I don't understand why TC39 had to define a new syntax, new semantics, and new restrictions for modules in JS land when the JS community had already created solutions for modules in JS. People were using modules in JS before they knew that "loader" or "static import/exports" were a thing to be landed in ES6 in future. And frankly, what the JS community made for themselves was a lot more saner than what is coming natively to JS, and even more so compared to the native solutions for module loading in some other languages (compare to Python for example). I don't think any JS programmer wanted modules natively in JS. And with HTTP2, they would have just stopped bundling and a newer async implementation of `require` would have been conjured.
And all this "tree-shaking" etc. that is claimed to be possible only with the static syntax is blatantly incorrect. It is entirely possible to eliminate unused code with the commonjs/amd/umd way with a slightly more intelligent bundler. And the new "syntax" that they created is just a variant of destructuring. You can achieve nearly the same with ES6 destructuring and `require`.
sigh
CommonJS is anything but - the synchronous loading and node-style resolution doesn't work well over a network, and the scoping doesn't work out-of-the-box in a browser. I wish node had just discovered and used AMD-style modules.

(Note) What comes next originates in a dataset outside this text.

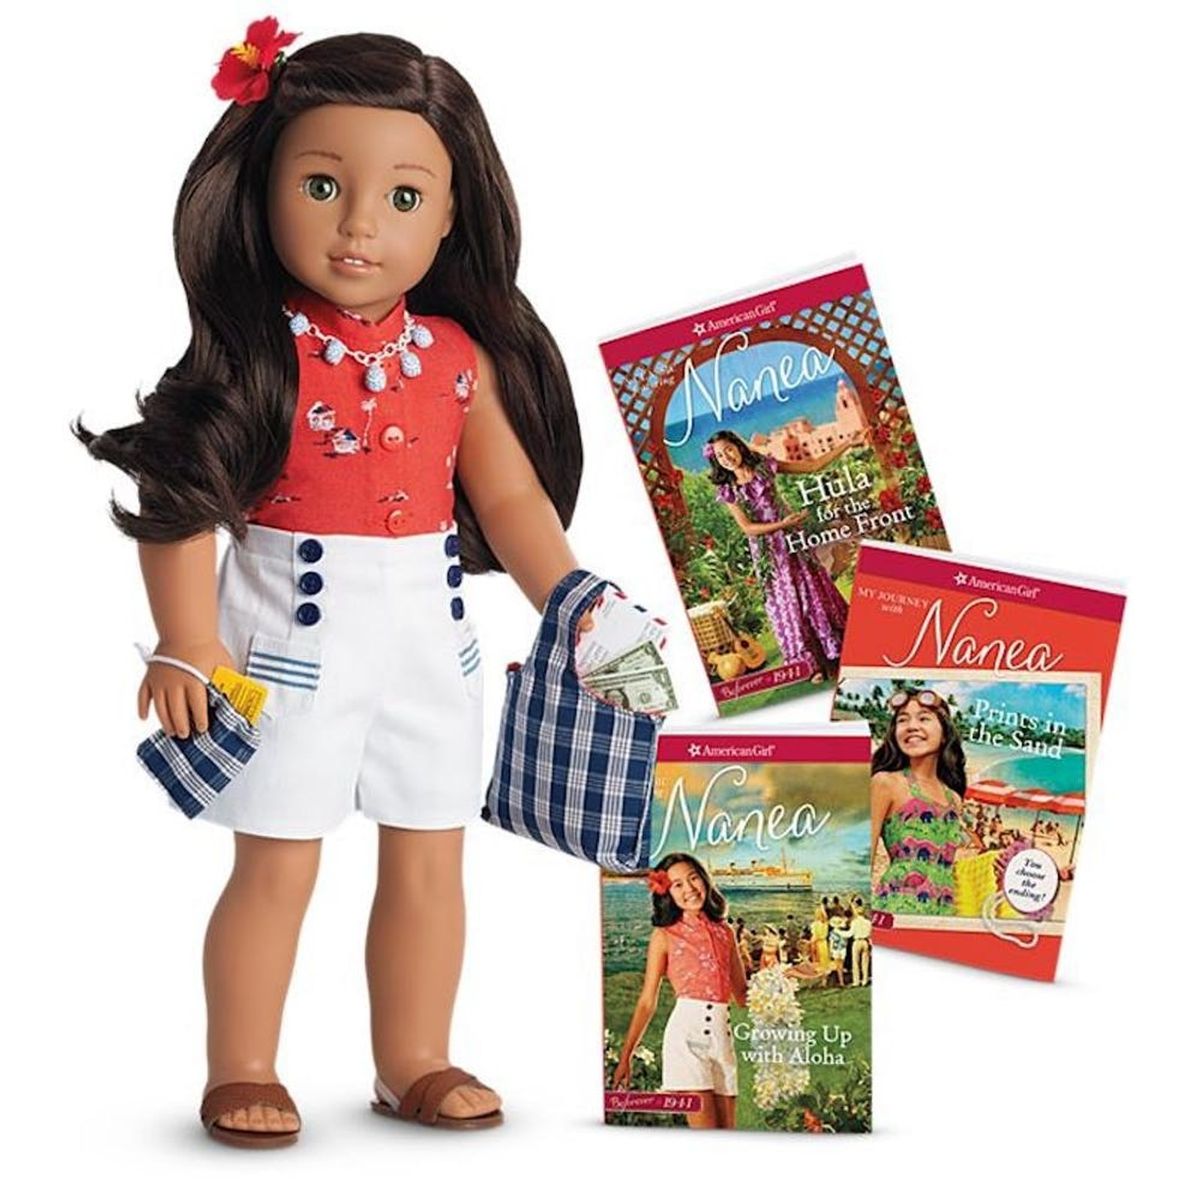 American Girl Has a Brand New Doll from Pearl Harbor-Era Hawaii

AMD is pretty great for what it is, IMO. It's minimal, it works (without transpilation!), and it's pretty easy to understand how and why given the language and environment it's defined for. I'm kind of sad that it "lost" to CommonJS. Still, the syntax (even though given JS, it really just falls out) isn't preferable, and it's still imperative, which makes tooling more difficult.
Modules give a better syntax than either CommonJS or AMD, with asynchronous loading that works on a networks, and imports and exports are declarative so that tools are easy to write.
Tree-shaking and static analysis are only possible with CommonJS/AMD if you strictly limit them to declarative-style use: imports at the top-level only, exports as a literal, etc. Deviate from that and tools trip up. In that case, it's better to have a new, clear, declarative-only syntax.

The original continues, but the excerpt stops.